> **Exercise requirements**:
Word-for-word transcription: reproduce all of the data, but not the pictures.

> **Supplied information**:
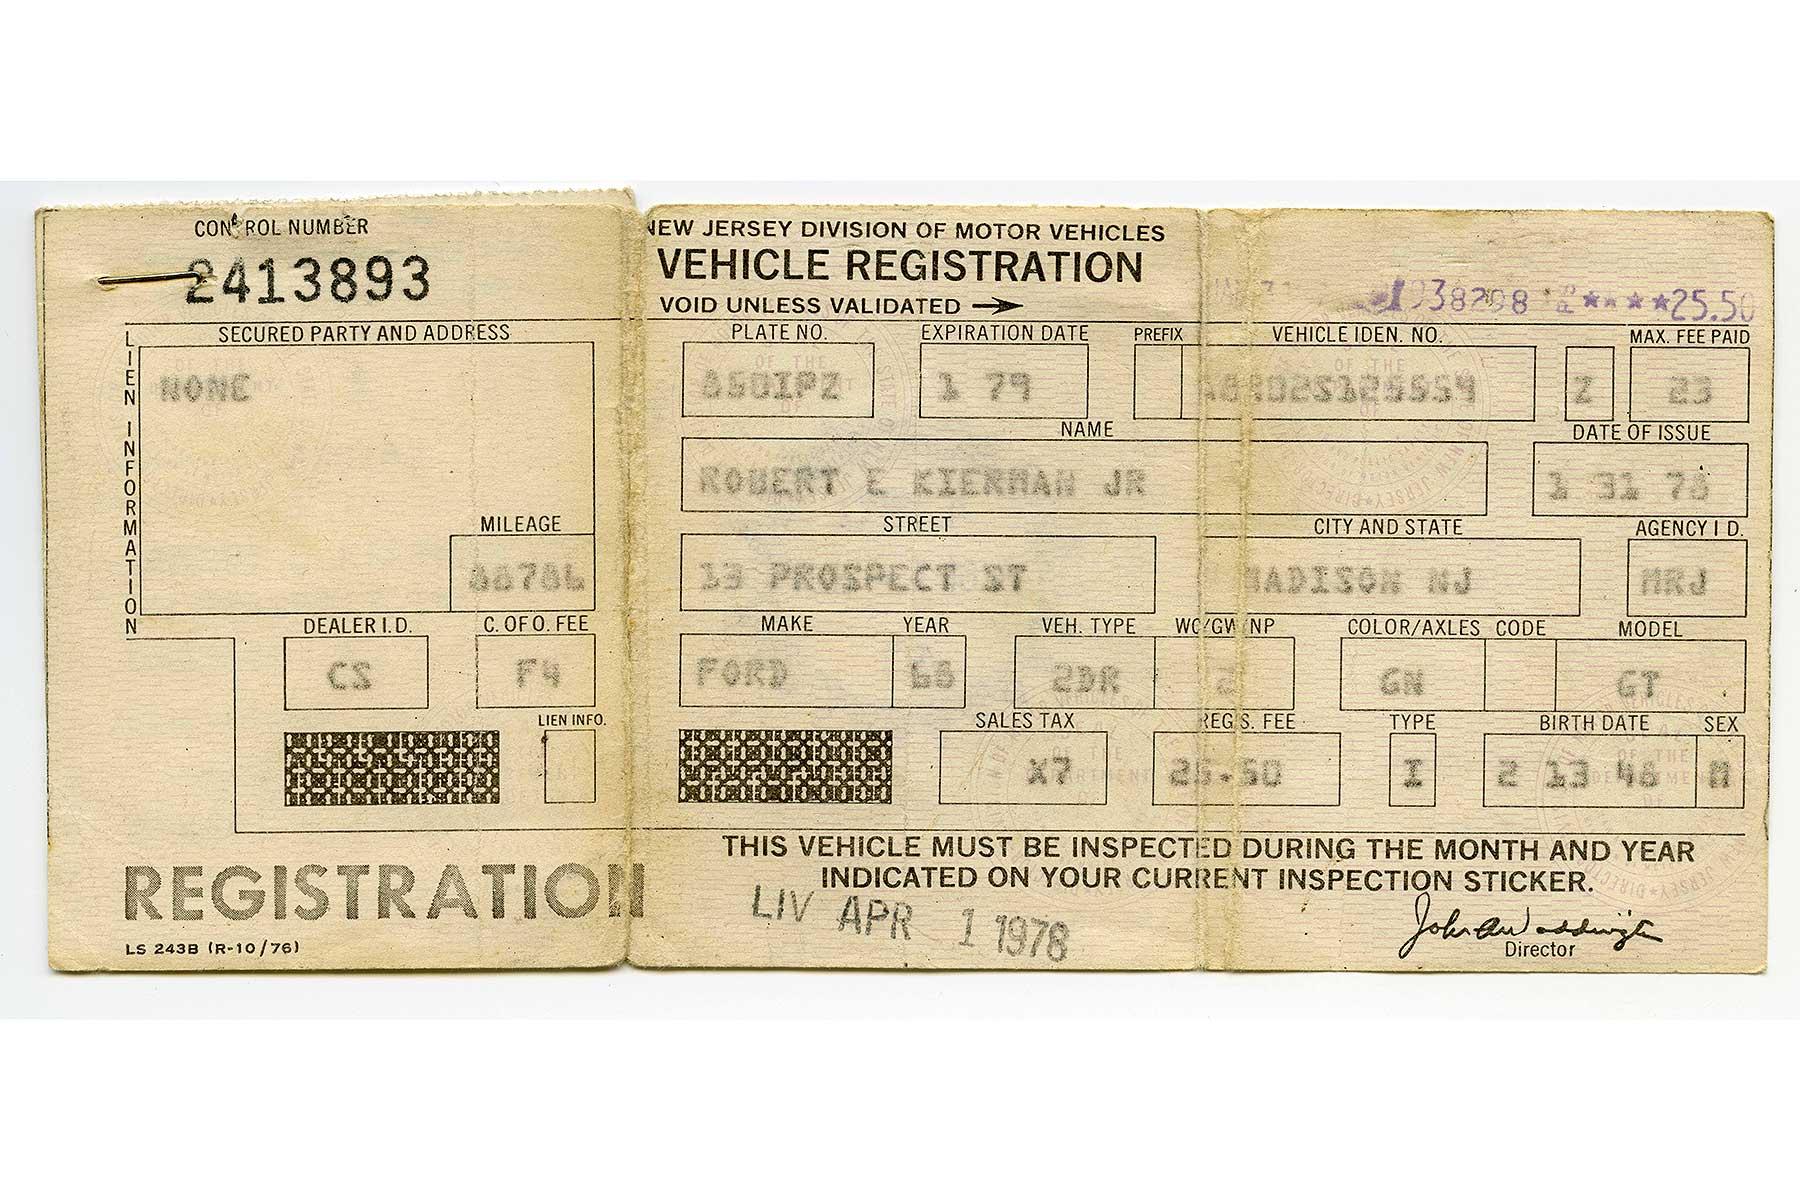 Robert Kiernan S New Jersey Vehicle Registration
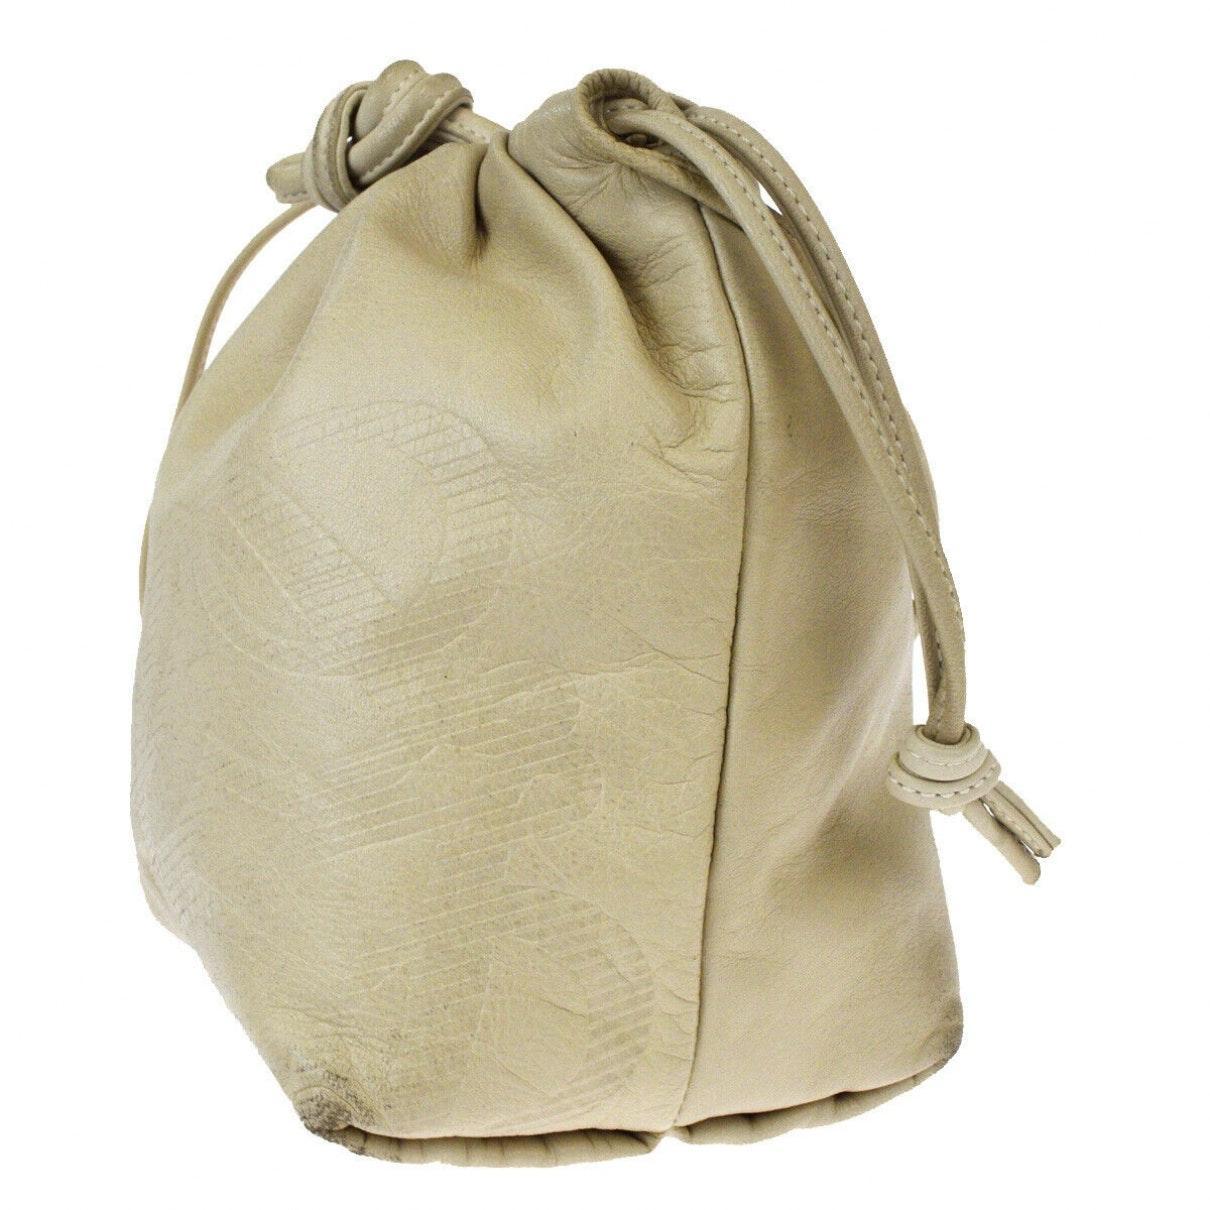 Loewe Leder Handtaschen in Blau Wp87Z
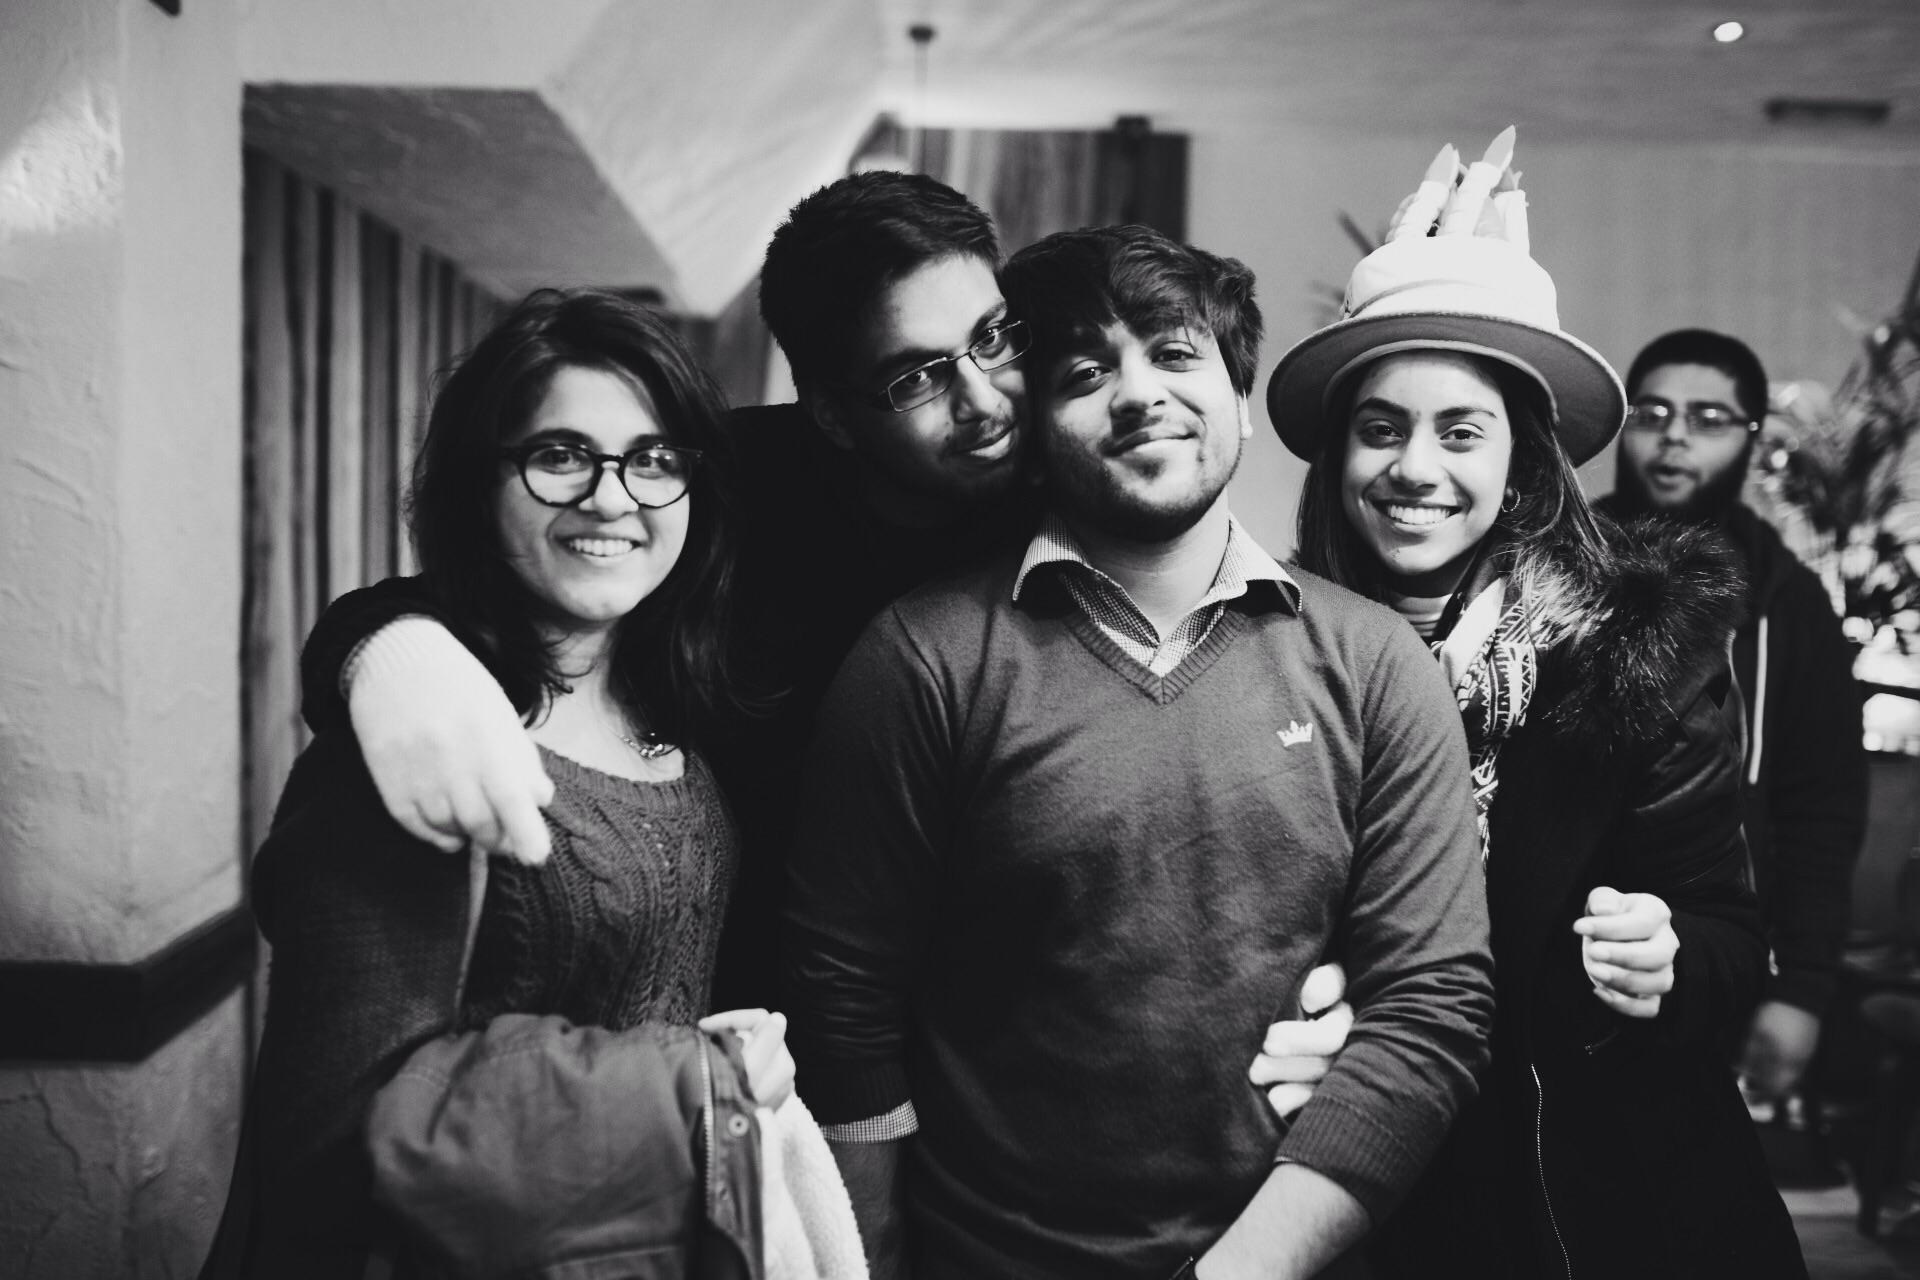 Ismaeel's Birthday: Me, Dheena, Aahuti and Saqlain
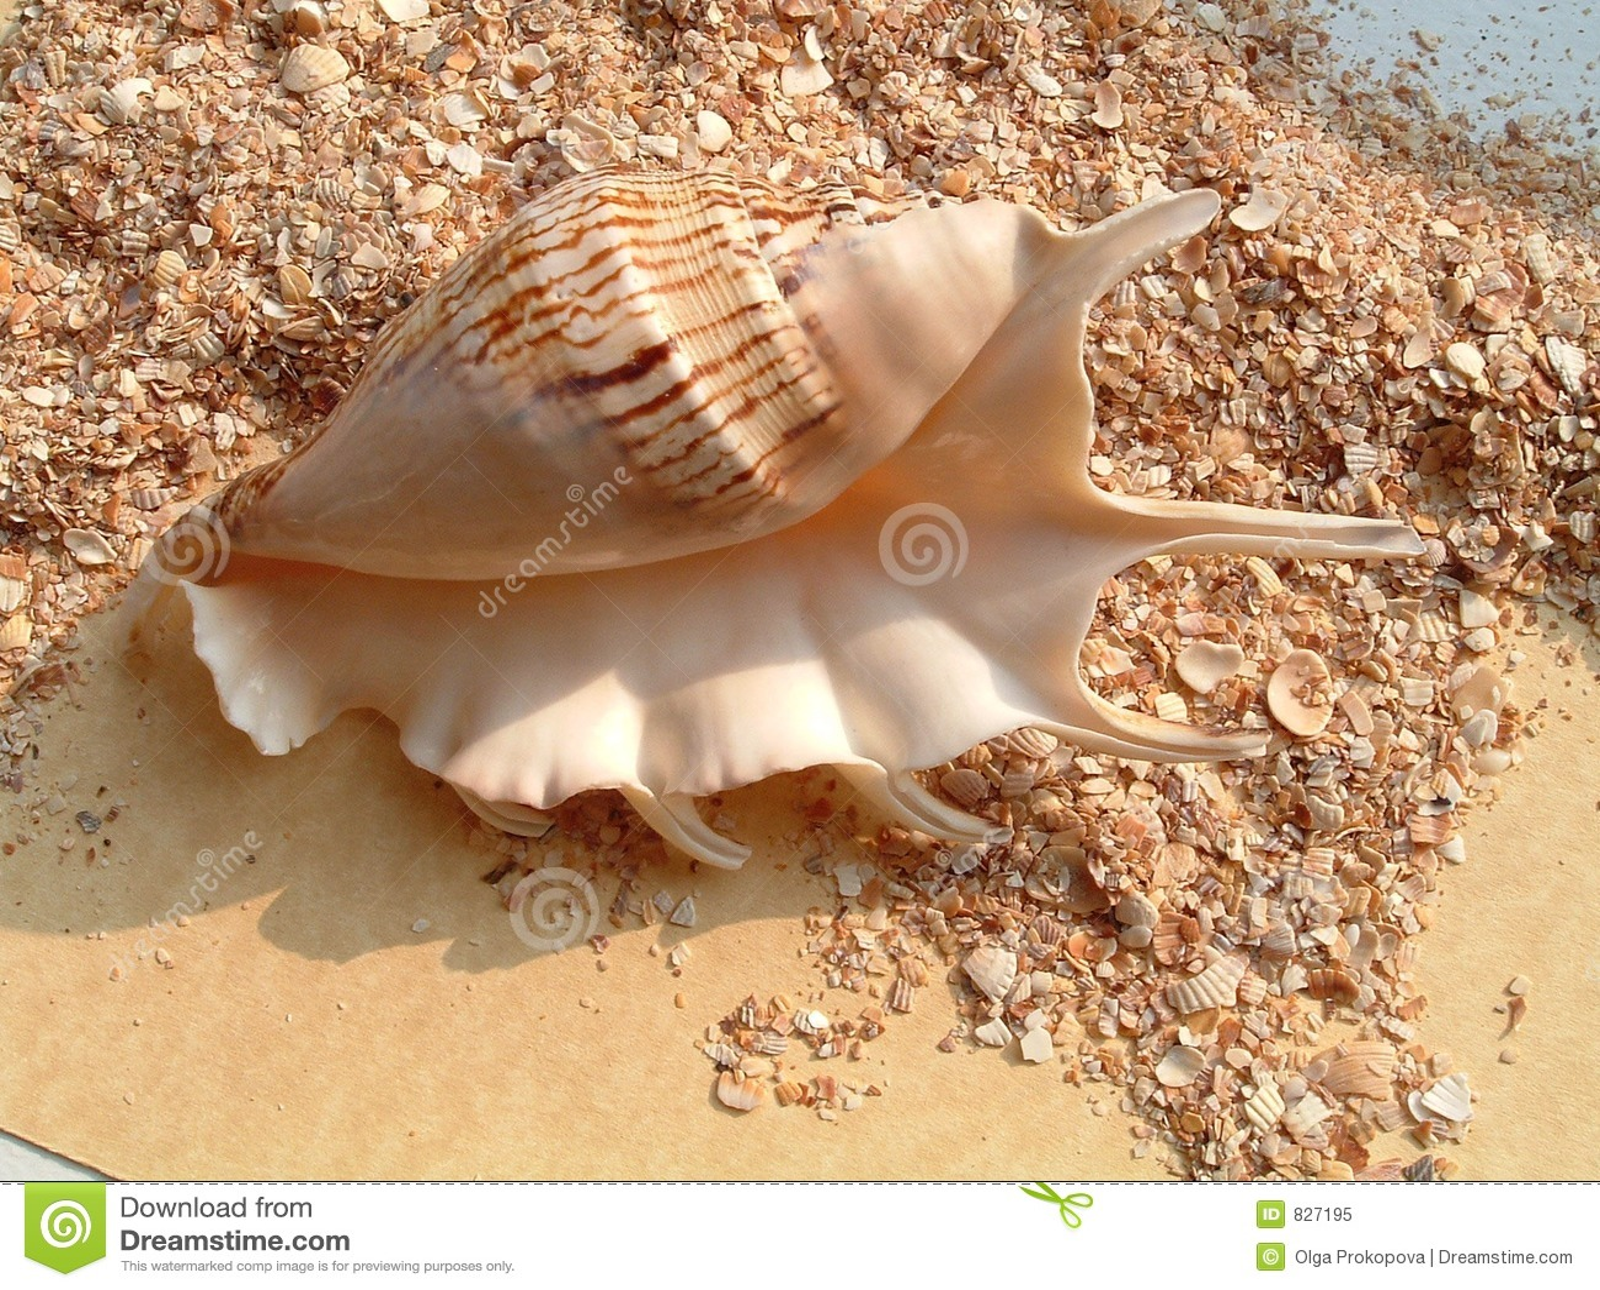 Shell on the stoun

> **Expected answer**:
 Robert Kiernan S New Jersey Vehicle Registration
 Loewe Leder Handtaschen in Blau Wp87Z
 Ismaeel's Birthday: Me, Dheena, Aahuti and Saqlain
 Shell on the stoun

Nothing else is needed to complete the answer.